Cassandra supports linear scalability by adding a new machine to it with no downtime or interruption to applications, also increases Read and Write throughput of the Cassandra.
Every Cassandra node in the cluster will have the same role. Data is distributed across the cluster which means each node holds different data. Cassandra supports replication and multi-data center replication for redundancy, failover, and disaster recovery.
System Update
Update the system with the latest security patches. You can use the below command.
$ yum update
Install Java 8
Apache Cassandra run on top of Java Virtual Machine (JVM). We’ll install Oracle JDK 8 on the system before we install Apache Cassandra.

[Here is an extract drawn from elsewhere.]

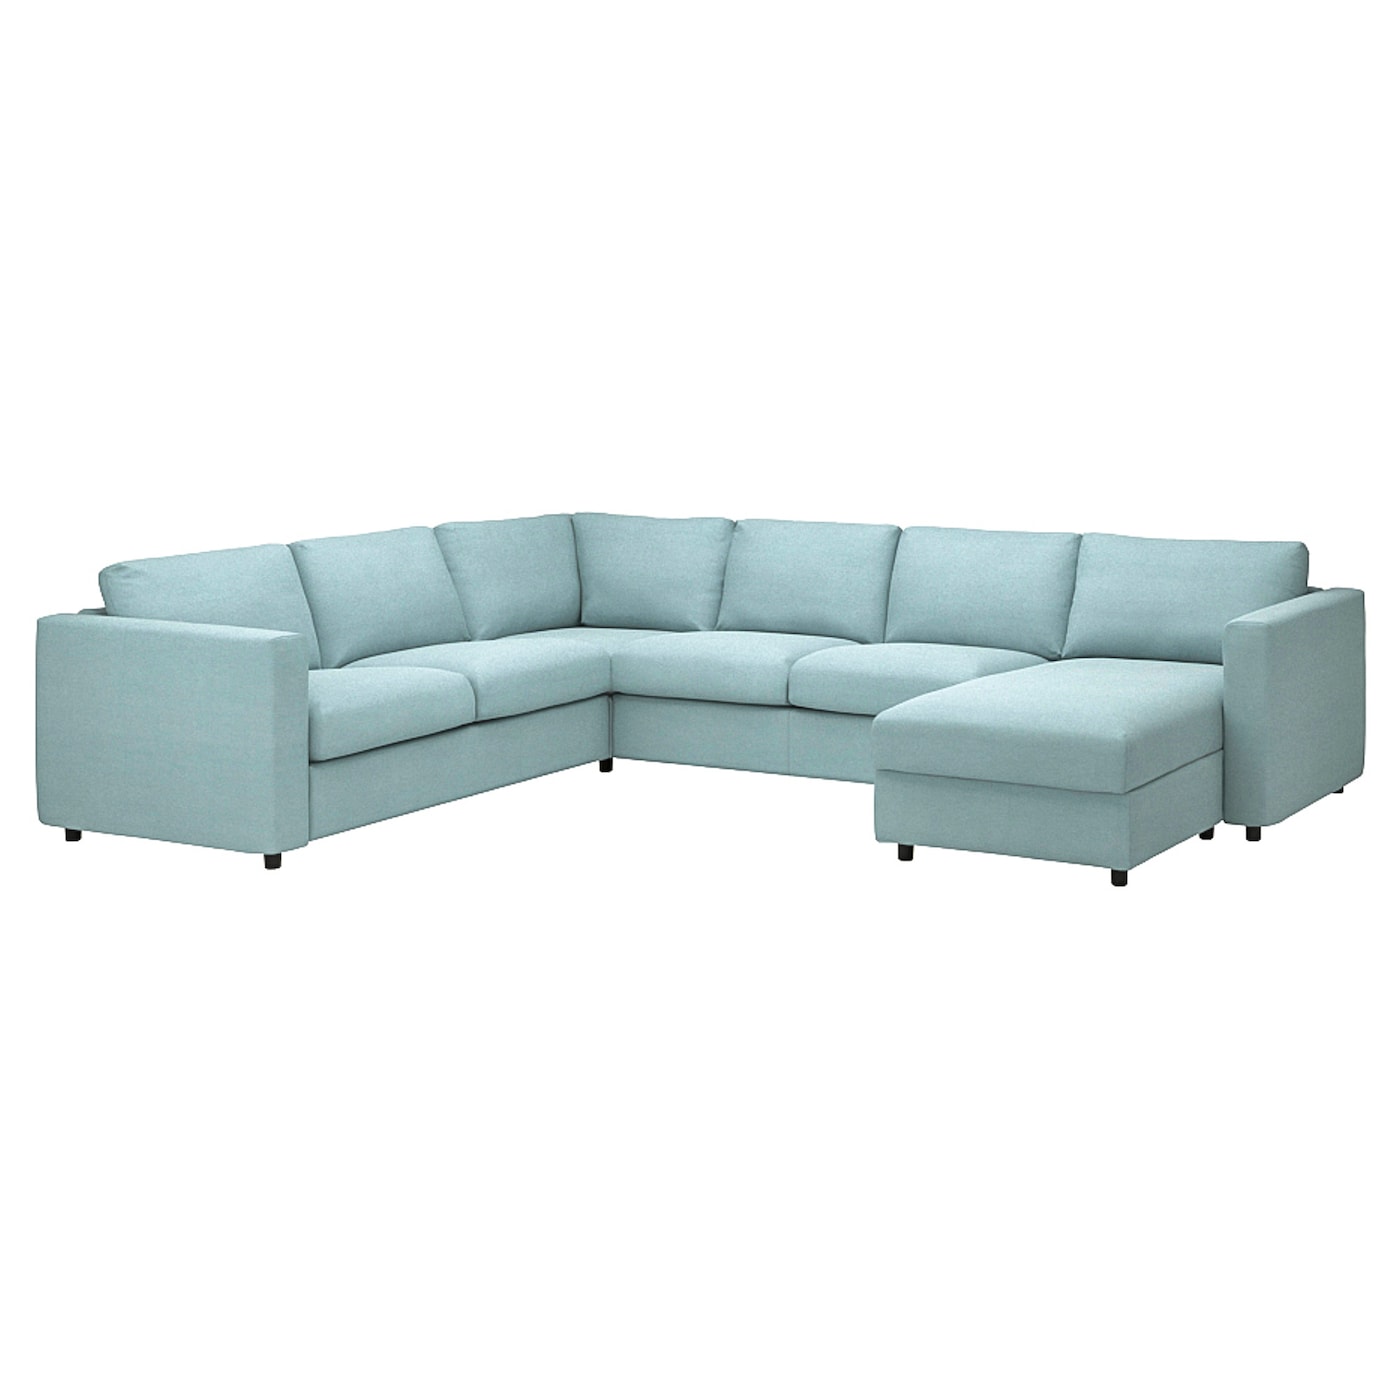 ВИМЛЕ Диван угловой, 5-местный. диван+диван, с диваном/Saxemara светло-синий VIMLE IKEA диван офисный угловой стандартный

Apache Cassandra can also run on OpenJDK
Add the Apache repository of Cassandra to /etc/yum.repos.d/cassandra.repo, for example for the latest 3.11 version:
[cassandra] name=Apache Cassandra baseurl=https://www.apache.org/dist/cassandra/redhat/311x/ gpgcheck=1 repo_gpgcheck=1 gpgkey=https://www.apache.org/dist/cassandra/KEYS [root@db01 ~]# yum install java-1.8.0-openjdk.x86_64 [root@db01 ~]# java -version openjdk version "1.8.0_161" OpenJDK Runtime Environment (build 1.8.0_161-b14) OpenJDK 64-Bit Server VM (build 25.161-b14, mixed mode) [root@db01 ~]# python --version Python 2.7.5
Install Cassandra
We will install Cassandra using official package available on Apache Software Foundation, so add Cassandra repository to make the package available to your system.
[root@db01 ~]# yum install cassandra
Cassandra Service
Now Cassandra service should be up and running on your system. Check the status.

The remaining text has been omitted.